I take her face in my hands and gently guide her to look at me. “How is he?”

“He’s sleeping.” Her lip trembles slightly. “But he’s okay, I think.” Her words sound choked, and she swallows. “They ran a bunch of tests.” I wait for her to tell me more, but she just shakes her head. Tears spill from her eyes, and her shoulders drop as she erupts. She looks as if she’s going to collapse. I pull her back into me, her cries echoing in the empty lobby. The lone security guard looks away in an attempt to give us privacy. It makes me hold her even tighter.

Unable to take away Alex’s fear and being powerless to help Mason, it’s a feeling that never gets any easier.

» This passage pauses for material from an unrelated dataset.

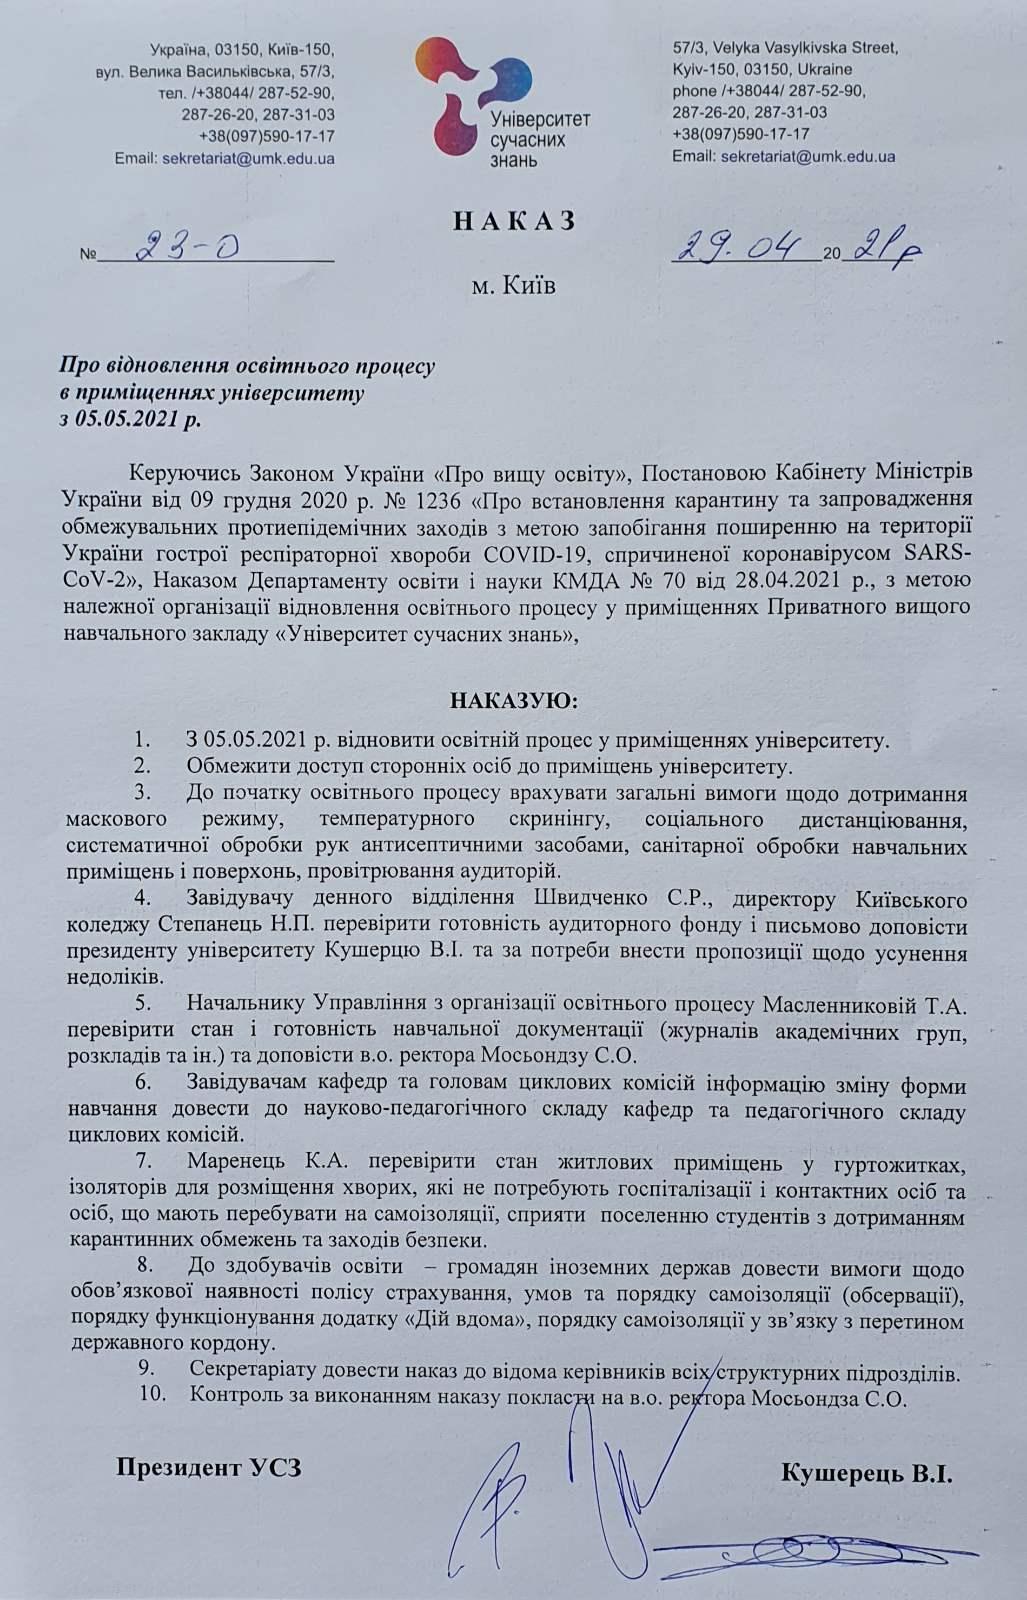 Наказ про відновлення освітнього процесу в приміщеннях університету з 5.05.2021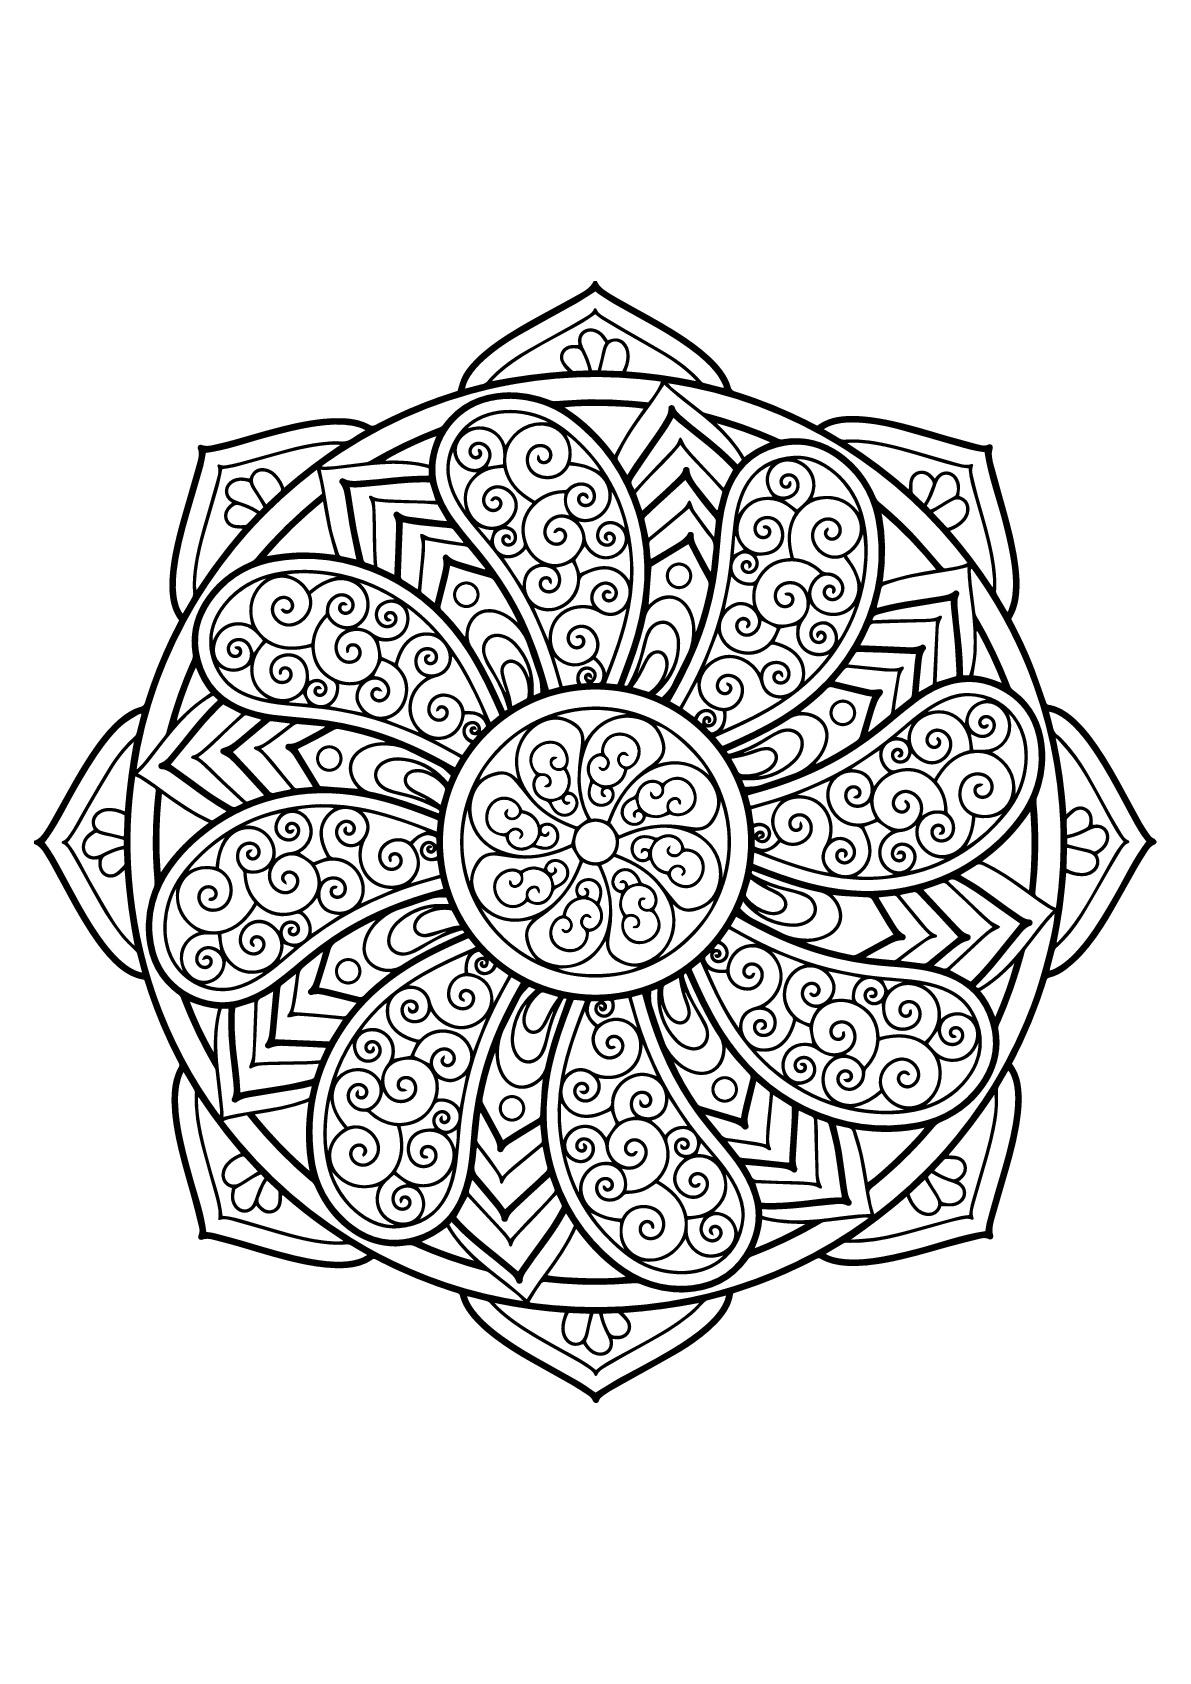 Mandala Livre Gratuit 27 Mandalas Coloriages Difficiles Pour Adultes

By Sunday, Alex has been sent home for the remainder of the day, and it’s obvious she isn’t happy about it. Mason had a minor infection, and since he’s been fever free for forty-eight hours and all the tests are coming back normal, he’s been cleared to go home.

Waiting for him to get here, however, has been the challenge. Alex is restless. She won’t stop moving. Chloe and I help her with the laundry and put fresh sheets on Mason’s bed. We clean the bathrooms and tidy the kitchen. Anything we can think of to help Ms. Pestano and Mason when they finally get home.

Chloe, who arrived in DC about two hours after me, forces Alex to shower, and I make her favorite bagel sandwich, but it’s only when she gets a text from her mom saying they’re on their way that she seems to settle. Slightly.

The three of us lounge on Alex’s bed and try to stay occupied. Alex lies on her back with her legs dangling off the edge while she tosses a baseball into the air, catching it before it can smack her in the face.

Chloe and I take an online quiz telling us what kind of cheese we would be—we both get brie—and get into a debate that seems way too deep for the weekend we just experienced.

“I just think it’s weird that some people don’t have an inner monologue. Like, how do you even think when you’re not visualizing pictures or words or narrating life?”

“No idea,” I say, thumbing through one of Chloe’s magazines, hoping for another mindless quiz. “Maybe they just function on vibes.”

“On vibes? Jules, come on.”

“Sometimes I hear songs in my head,” Alex says, startling us.

“Explain,” Chloe says and gives Alex her undivided attention. I close the magazine and do the same. It’s the first real time Alex has engaged, and Chloe and I aren’t about to let it go to waste.

Alex tosses the ball and catches it. “I don’t know. Like, when I see someone, a certain song will pop in my head.”